# Ertus - 1940S?



## Will Fly (Apr 10, 2012)

I picked up a very nice little watch recently - just 30mm in diameter, excluding the crown. The make is "Ertus" - about which I know nothing and can find out even less - but the dial is very appealing, and I'm guessing late 1940s. Probably a man's watch in its day but more fashionable as a ladies' timepiece nowadays. The movement is also very nice - runs as sweet as a nut.


----------



## Always"watching" (Sep 21, 2013)

In my wanderings locally, I do come across quite a number of Swiss-made watches with odd names that are not easy to trace - if at all. Your Ertus watch seems to fall into that category, unless someone knows to the contrary, which hopefully they do.

You mention this interesting question of watch sizes and gender, and the increase in mens' watch dial diameter over the years.

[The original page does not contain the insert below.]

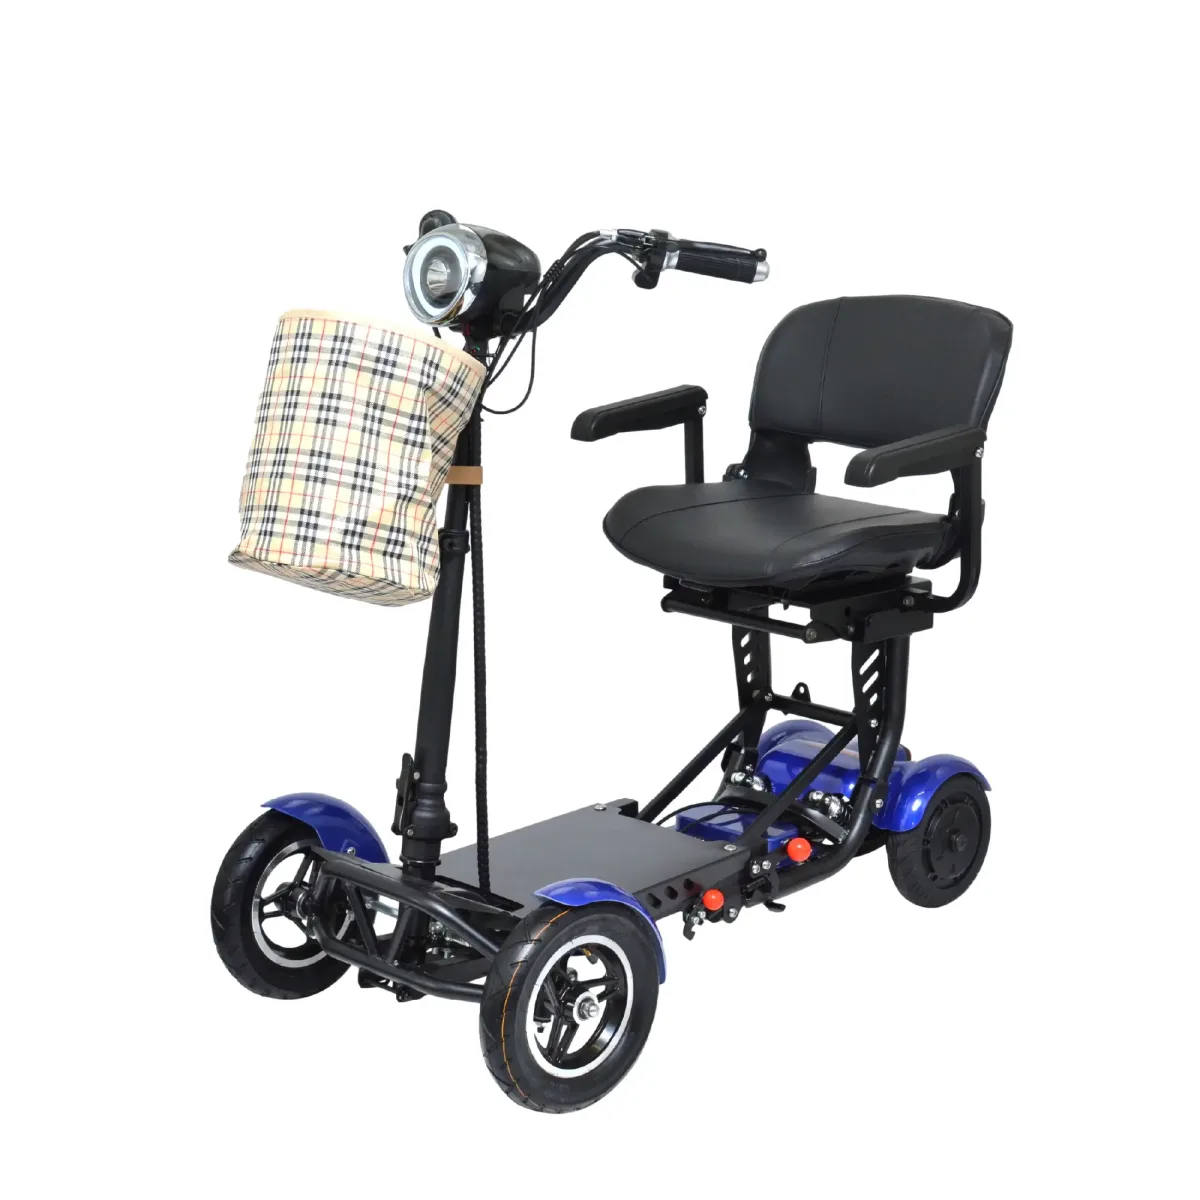 MS-3000 Foldable Mobility Scooter 400-500 lbs 3

I myself have a relatively small wrist for a man even though I am not exactly short, and the smaller dial sizes suit me very well - far more so than these giant chrono watches that seem to be all the rage these days. In fact, this question of watch sizes and gender has really been turned on its head because many women now wear men's watches - as I saw today, with a young well-built lady wearing a lovely man's watch with three subdials, a plain gold face and case, and a brown leather strap. The watch suited her perfectly. In fact, I have to admit that some women's watches actually suit me, although I might change the strap if necessary to make it slightly more masculine. So, it can be said that over the years, we have seen a widening of diameter in both mens' and womens' watches, partly as a practical measure - in the case of women's watches and some more complex mens' watches - and partly out of changes in fashion and equality. Fascinating stuff.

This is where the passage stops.